GOAL OF THE EXERCISE: The copy you print must match the listing exactly, with its pictures removed.

SOURCE DATA:

■ ■ ■ ■ ■ ■ ■

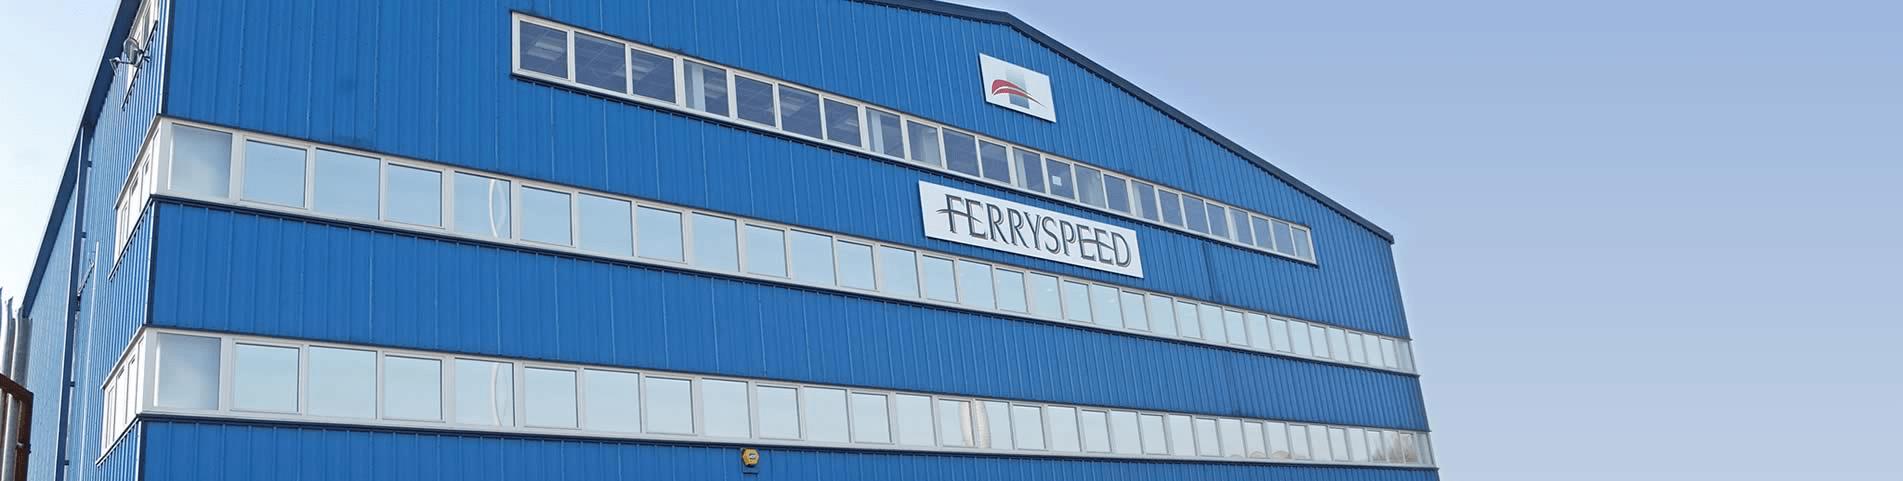 Ferryspeed building
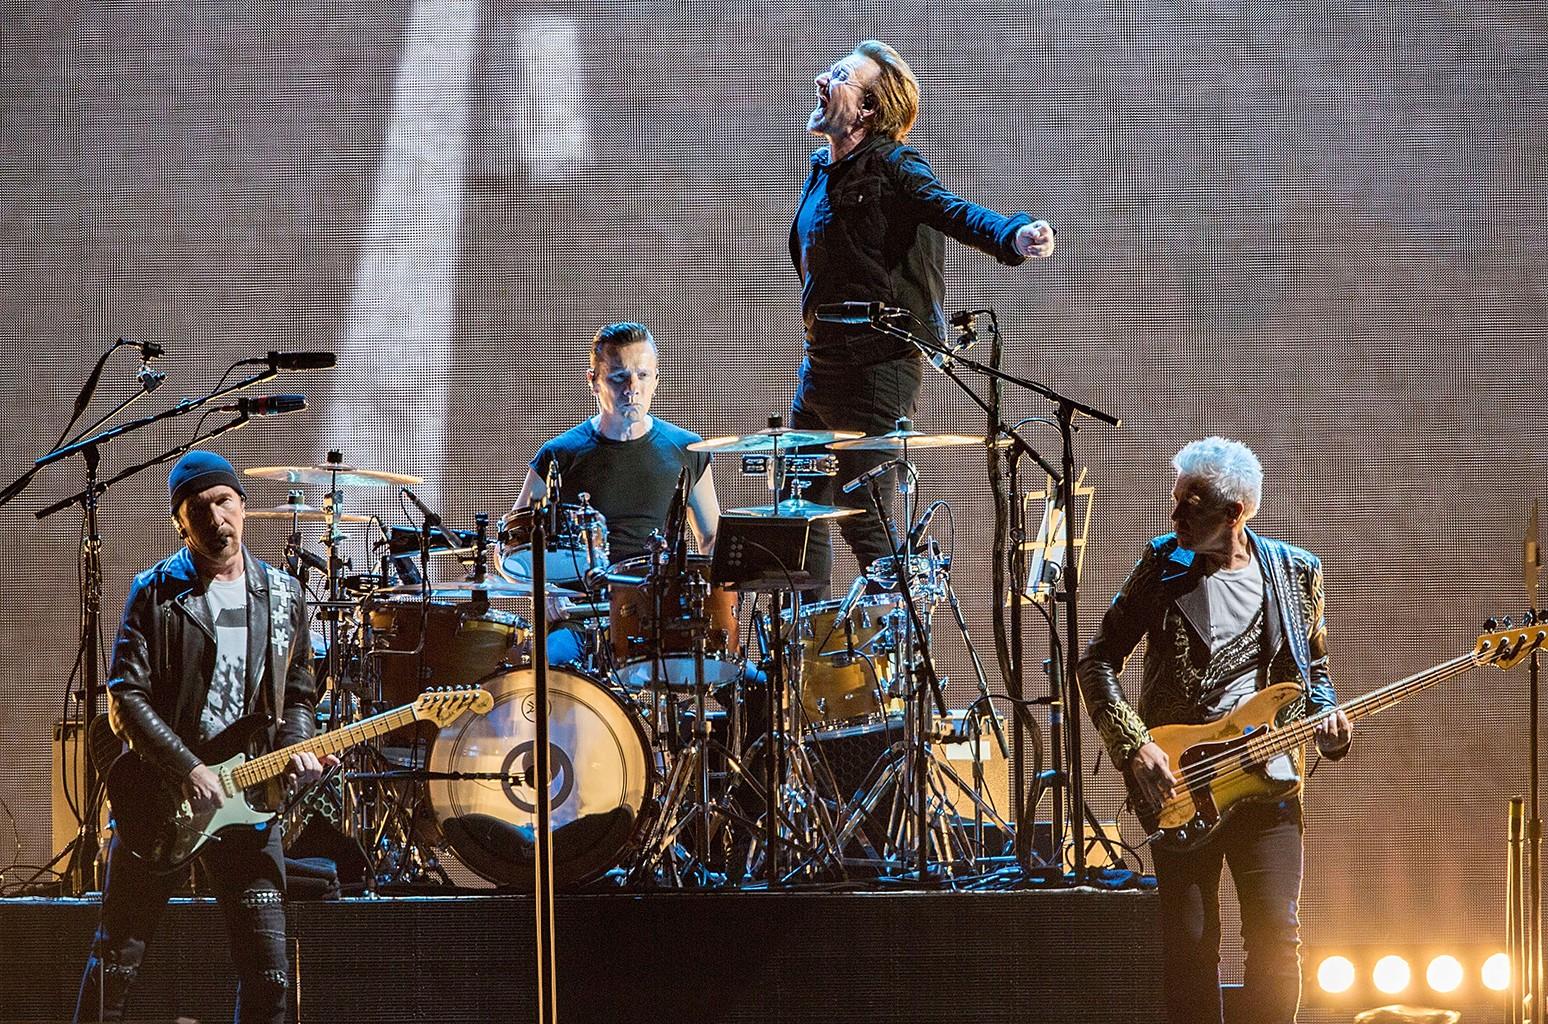 The Edge, Larry Mullen Jr., Bono, and Adam Clayton of U2
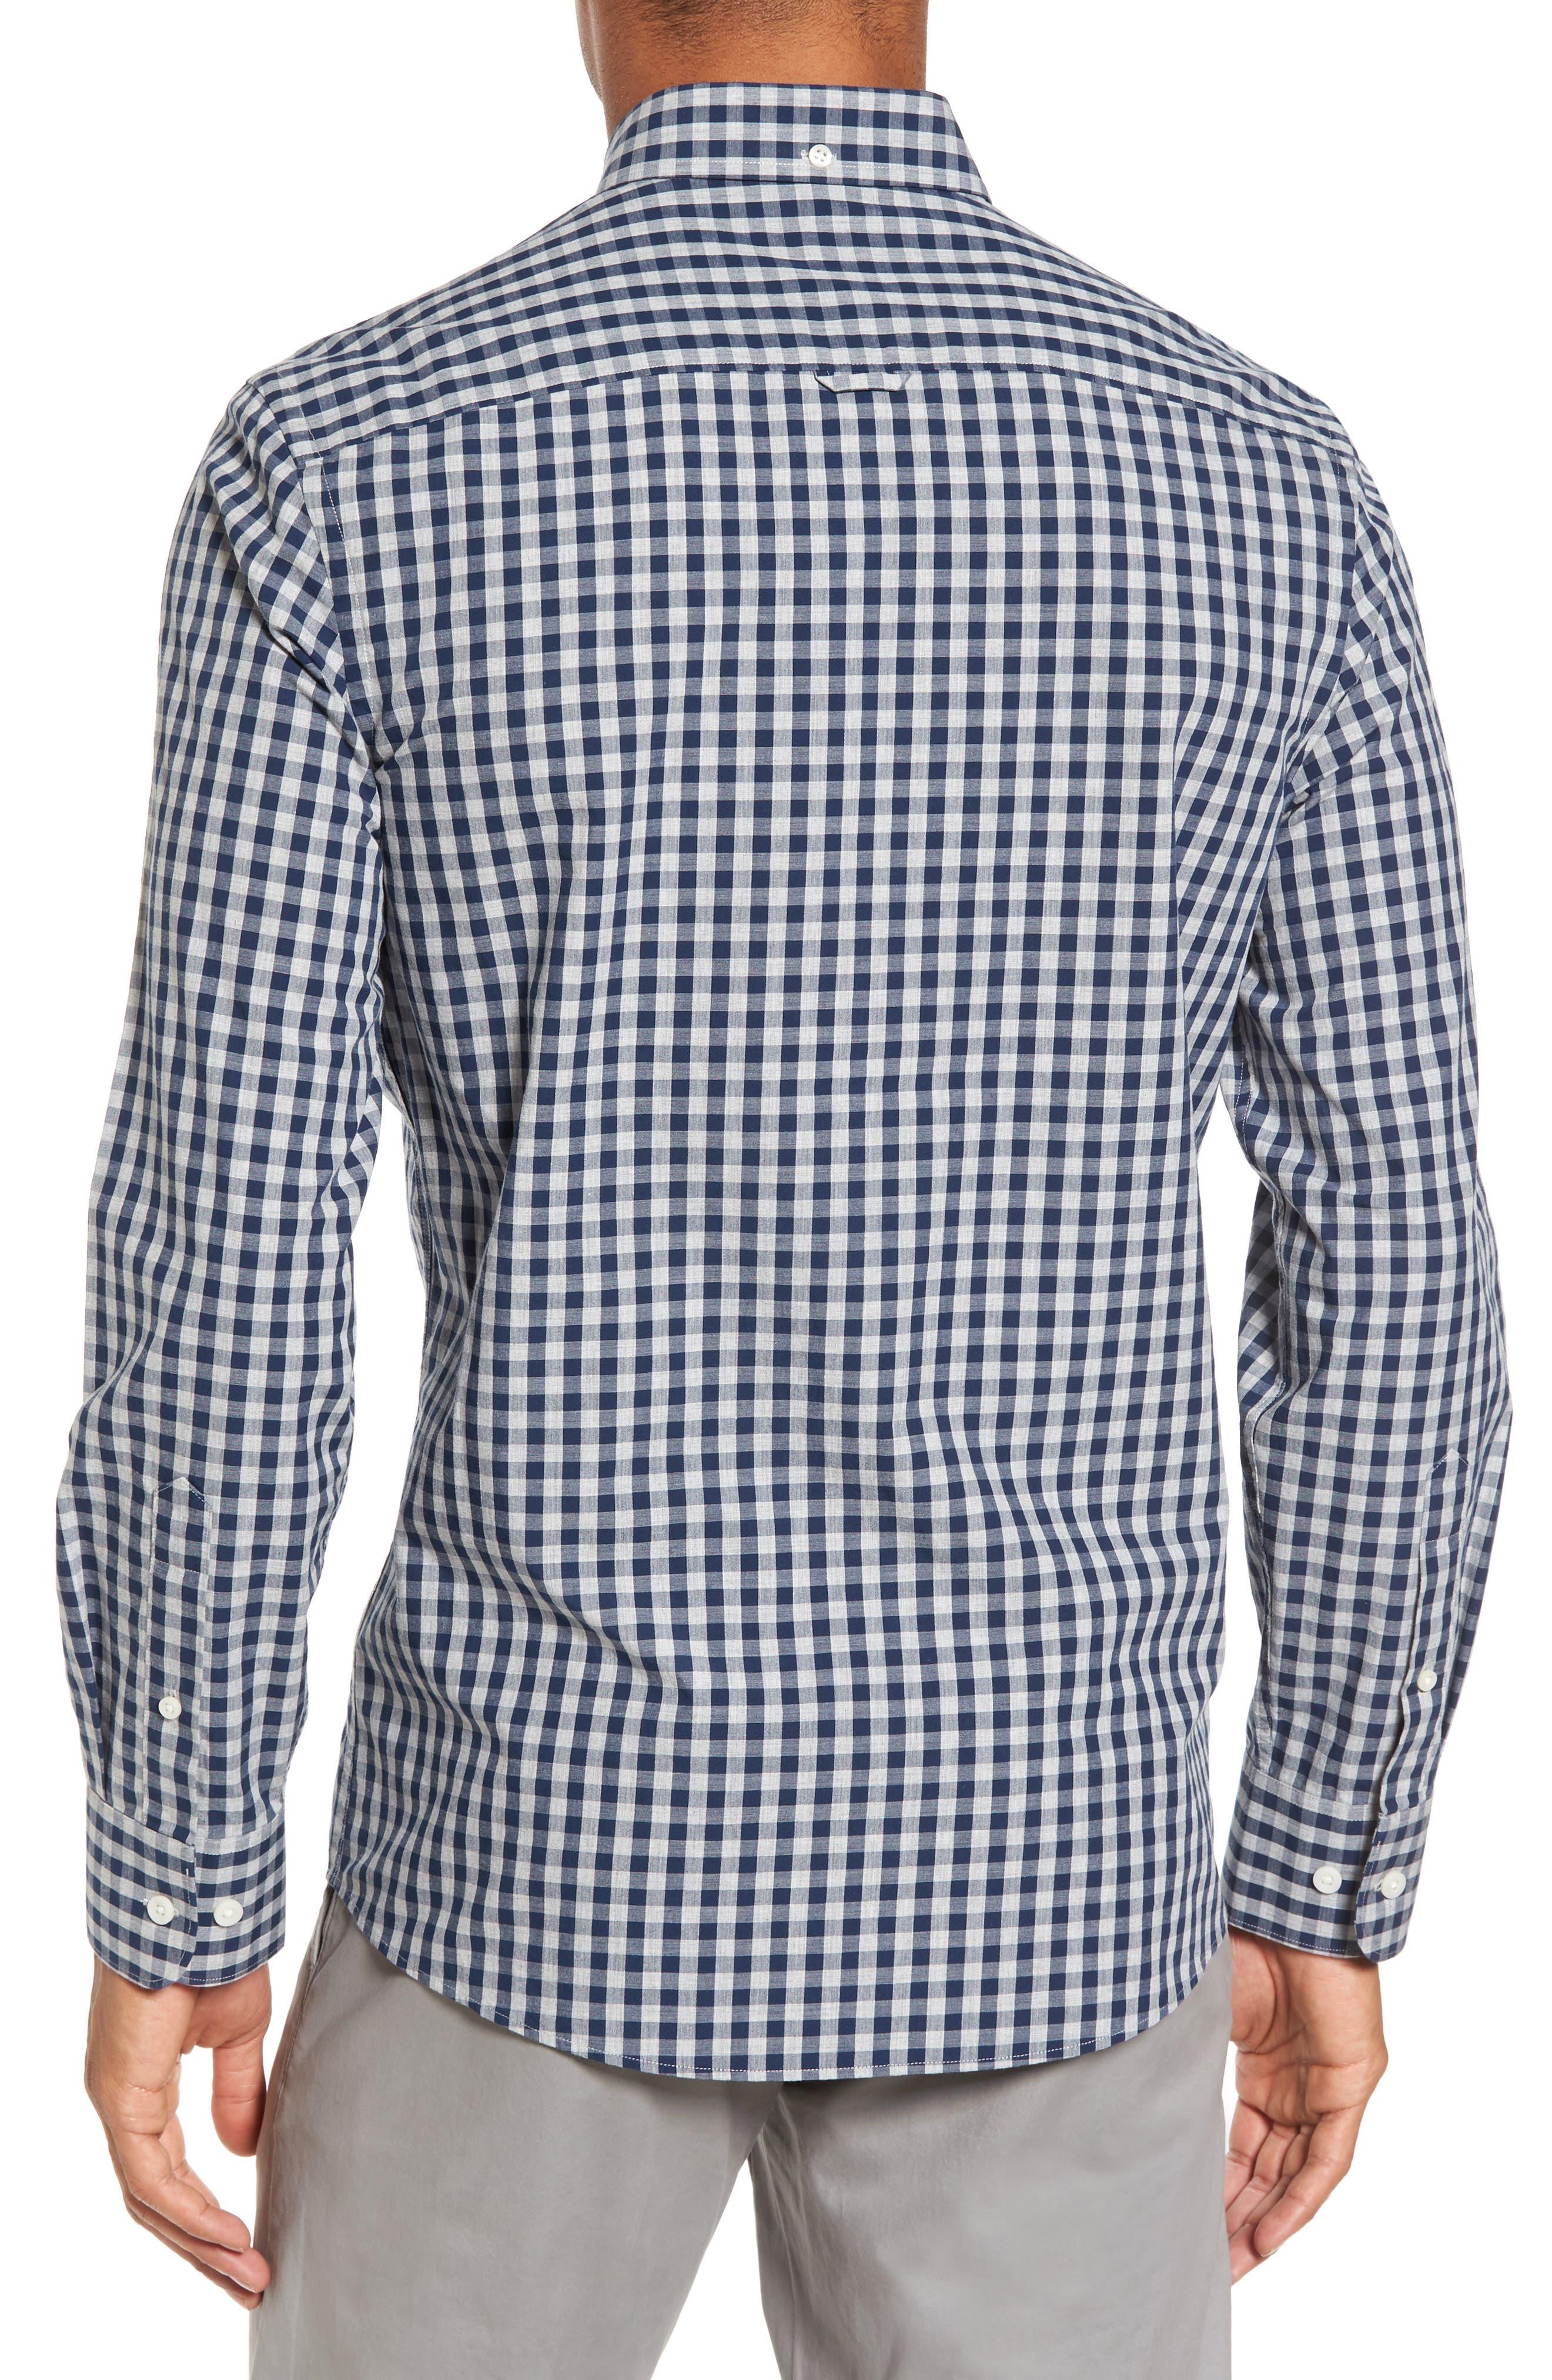 Spade Trim Fit Gingham Check Sport Shirt,                             Alternate thumbnail 2, color,                             030
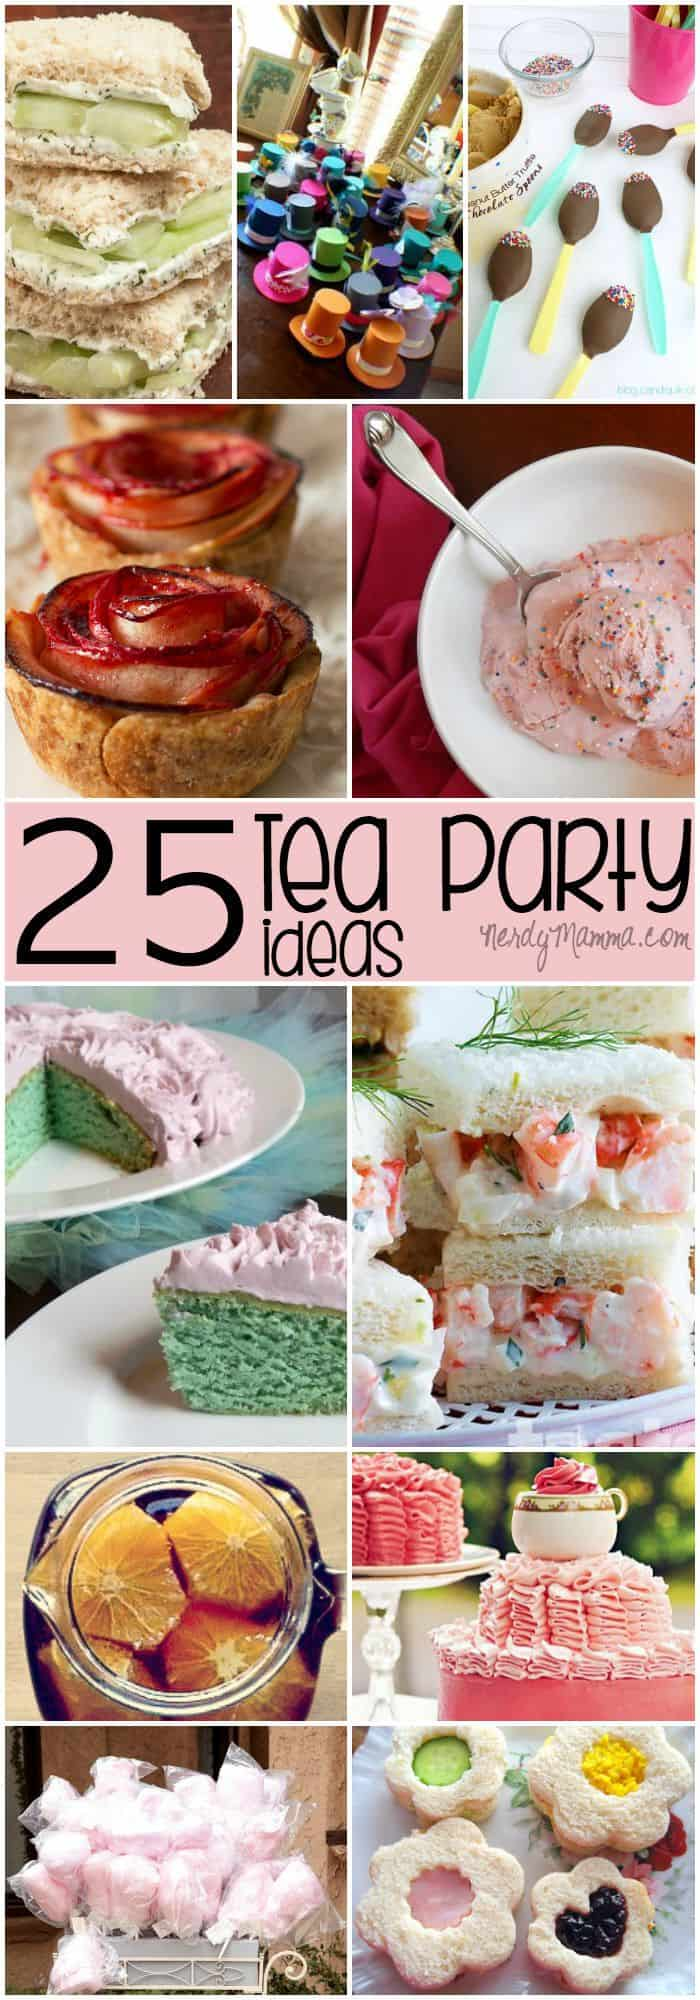 I love these 25 Tea Party Ideas for a little girl's birthday! So cute!

■ ■ ■ ■ ■ ■ ■

EXERCISE RESULT:
 Ferryspeed building
 The Edge, Larry Mullen Jr., Bono, and Adam Clayton of U2
 Spade Trim Fit Gingham Check Sport Shirt,                             Alternate thumbnail 2, color,                             030
 I love these 25 Tea Party Ideas for a little girl's birthday! So cute!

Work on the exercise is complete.